### ACTIVITY
Two lines in the data below mark the range: the one with "Gretsch G2220 Electromatic" and the one with "Haymarket Extra Deep". Return both, along with every line between them, exactly.

(INFORMATION PROVIDED Opens)

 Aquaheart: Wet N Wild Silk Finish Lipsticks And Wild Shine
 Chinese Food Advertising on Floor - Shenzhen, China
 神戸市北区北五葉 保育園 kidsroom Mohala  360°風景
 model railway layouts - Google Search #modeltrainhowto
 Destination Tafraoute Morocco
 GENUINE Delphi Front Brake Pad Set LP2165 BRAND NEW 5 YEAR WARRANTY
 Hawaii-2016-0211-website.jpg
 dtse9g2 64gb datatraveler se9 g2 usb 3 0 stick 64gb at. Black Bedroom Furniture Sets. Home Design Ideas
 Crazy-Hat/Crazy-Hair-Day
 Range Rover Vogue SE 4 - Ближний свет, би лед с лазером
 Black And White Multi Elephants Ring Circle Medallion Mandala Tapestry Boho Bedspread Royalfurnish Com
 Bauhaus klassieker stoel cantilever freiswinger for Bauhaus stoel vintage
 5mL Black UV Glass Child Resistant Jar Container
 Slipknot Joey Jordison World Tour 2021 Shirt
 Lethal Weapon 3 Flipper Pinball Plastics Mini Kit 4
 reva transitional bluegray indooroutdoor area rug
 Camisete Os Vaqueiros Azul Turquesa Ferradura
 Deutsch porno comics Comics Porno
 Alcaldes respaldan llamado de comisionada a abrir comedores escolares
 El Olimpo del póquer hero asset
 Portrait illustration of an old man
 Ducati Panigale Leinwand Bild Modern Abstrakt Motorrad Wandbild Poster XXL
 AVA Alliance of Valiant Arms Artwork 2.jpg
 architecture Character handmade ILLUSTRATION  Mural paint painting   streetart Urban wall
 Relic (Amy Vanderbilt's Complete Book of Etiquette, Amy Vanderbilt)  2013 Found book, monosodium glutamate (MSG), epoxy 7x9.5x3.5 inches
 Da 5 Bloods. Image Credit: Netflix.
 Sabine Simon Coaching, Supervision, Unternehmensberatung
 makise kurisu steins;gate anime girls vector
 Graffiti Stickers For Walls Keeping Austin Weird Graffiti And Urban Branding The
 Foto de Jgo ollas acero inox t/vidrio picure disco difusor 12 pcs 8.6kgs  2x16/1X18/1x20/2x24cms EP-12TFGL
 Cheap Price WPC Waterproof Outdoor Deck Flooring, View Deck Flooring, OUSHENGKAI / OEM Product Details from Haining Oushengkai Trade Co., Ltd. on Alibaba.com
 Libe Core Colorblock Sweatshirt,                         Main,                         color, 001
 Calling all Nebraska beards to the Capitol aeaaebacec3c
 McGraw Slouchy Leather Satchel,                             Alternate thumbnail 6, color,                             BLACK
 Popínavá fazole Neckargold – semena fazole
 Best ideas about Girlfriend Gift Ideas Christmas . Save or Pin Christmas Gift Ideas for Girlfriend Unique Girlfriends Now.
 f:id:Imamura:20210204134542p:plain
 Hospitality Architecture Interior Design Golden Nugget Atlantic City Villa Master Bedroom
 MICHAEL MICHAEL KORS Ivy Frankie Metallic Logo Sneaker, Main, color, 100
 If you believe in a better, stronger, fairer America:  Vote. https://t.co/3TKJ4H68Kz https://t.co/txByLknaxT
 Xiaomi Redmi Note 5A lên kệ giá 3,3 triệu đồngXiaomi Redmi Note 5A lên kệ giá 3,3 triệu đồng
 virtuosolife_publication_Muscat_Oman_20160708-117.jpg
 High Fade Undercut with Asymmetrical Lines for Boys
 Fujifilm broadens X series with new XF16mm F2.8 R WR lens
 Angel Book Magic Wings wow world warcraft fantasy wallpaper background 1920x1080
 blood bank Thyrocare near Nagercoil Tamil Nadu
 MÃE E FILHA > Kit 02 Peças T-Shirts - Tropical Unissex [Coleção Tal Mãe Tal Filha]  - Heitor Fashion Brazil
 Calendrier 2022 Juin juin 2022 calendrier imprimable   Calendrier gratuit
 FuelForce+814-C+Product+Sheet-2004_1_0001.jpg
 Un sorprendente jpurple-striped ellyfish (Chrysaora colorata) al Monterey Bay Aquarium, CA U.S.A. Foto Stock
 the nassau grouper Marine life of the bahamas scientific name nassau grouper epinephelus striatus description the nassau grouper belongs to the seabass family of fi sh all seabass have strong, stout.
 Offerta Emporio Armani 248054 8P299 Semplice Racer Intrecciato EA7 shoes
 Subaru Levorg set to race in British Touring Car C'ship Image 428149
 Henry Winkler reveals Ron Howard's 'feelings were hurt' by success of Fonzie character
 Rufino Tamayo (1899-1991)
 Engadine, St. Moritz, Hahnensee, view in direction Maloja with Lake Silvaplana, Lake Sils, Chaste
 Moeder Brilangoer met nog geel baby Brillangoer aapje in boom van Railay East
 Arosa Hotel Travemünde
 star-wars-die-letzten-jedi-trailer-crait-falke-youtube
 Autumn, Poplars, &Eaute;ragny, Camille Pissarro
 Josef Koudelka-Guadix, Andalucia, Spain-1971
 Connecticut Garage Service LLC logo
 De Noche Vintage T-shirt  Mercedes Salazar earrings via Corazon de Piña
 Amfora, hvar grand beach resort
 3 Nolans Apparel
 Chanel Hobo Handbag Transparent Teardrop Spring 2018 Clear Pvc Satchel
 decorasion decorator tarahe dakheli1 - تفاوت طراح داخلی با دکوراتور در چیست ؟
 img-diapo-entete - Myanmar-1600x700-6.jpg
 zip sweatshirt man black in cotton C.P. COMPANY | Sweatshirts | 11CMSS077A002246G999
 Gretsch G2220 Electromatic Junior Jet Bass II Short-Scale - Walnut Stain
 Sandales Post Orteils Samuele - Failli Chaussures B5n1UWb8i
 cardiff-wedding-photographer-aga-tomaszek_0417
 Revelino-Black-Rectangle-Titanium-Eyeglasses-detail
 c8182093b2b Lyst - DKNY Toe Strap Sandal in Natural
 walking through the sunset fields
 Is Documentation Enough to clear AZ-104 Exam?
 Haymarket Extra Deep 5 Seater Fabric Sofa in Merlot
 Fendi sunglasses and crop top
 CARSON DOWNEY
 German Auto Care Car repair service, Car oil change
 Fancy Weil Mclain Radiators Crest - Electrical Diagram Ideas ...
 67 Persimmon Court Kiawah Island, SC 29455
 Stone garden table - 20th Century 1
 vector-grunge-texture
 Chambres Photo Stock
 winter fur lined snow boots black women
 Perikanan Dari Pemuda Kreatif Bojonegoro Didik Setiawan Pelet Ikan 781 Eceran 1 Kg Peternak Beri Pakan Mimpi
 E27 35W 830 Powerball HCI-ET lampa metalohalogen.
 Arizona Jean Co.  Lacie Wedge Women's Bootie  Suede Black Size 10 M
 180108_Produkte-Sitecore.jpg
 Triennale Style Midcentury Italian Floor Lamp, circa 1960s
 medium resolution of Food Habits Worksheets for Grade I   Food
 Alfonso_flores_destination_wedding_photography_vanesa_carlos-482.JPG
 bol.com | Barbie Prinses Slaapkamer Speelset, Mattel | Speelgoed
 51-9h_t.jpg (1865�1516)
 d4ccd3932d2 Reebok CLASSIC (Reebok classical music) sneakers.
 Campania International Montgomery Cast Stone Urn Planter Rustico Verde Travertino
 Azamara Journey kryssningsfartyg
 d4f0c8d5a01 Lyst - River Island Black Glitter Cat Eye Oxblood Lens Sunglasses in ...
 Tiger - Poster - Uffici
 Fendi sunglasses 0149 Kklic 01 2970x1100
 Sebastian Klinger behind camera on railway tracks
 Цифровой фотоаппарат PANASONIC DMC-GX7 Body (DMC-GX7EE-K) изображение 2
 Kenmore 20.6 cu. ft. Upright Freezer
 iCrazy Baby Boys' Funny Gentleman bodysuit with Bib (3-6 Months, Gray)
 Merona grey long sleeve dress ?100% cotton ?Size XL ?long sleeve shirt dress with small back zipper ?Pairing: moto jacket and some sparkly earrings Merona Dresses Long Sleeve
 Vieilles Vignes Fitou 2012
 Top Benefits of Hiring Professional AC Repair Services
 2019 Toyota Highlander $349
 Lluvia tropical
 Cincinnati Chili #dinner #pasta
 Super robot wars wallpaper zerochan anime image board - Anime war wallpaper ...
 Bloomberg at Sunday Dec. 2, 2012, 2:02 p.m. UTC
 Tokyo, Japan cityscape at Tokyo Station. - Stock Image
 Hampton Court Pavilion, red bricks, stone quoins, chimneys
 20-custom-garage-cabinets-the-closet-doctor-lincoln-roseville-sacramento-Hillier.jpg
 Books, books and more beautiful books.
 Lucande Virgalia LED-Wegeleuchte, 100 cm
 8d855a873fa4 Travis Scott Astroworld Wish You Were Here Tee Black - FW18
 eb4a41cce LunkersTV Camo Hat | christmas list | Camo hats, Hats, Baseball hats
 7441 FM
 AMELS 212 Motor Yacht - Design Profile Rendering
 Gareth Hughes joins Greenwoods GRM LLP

(INFORMATION PROVIDED Closes)

### YOUR RESPONSE
 Gretsch G2220 Electromatic Junior Jet Bass II Short-Scale - Walnut Stain
 Sandales Post Orteils Samuele - Failli Chaussures B5n1UWb8i
 cardiff-wedding-photographer-aga-tomaszek_0417
 Revelino-Black-Rectangle-Titanium-Eyeglasses-detail
 c8182093b2b Lyst - DKNY Toe Strap Sandal in Natural
 walking through the sunset fields
 Is Documentation Enough to clear AZ-104 Exam?
 Haymarket Extra Deep 5 Seater Fabric Sofa in Merlot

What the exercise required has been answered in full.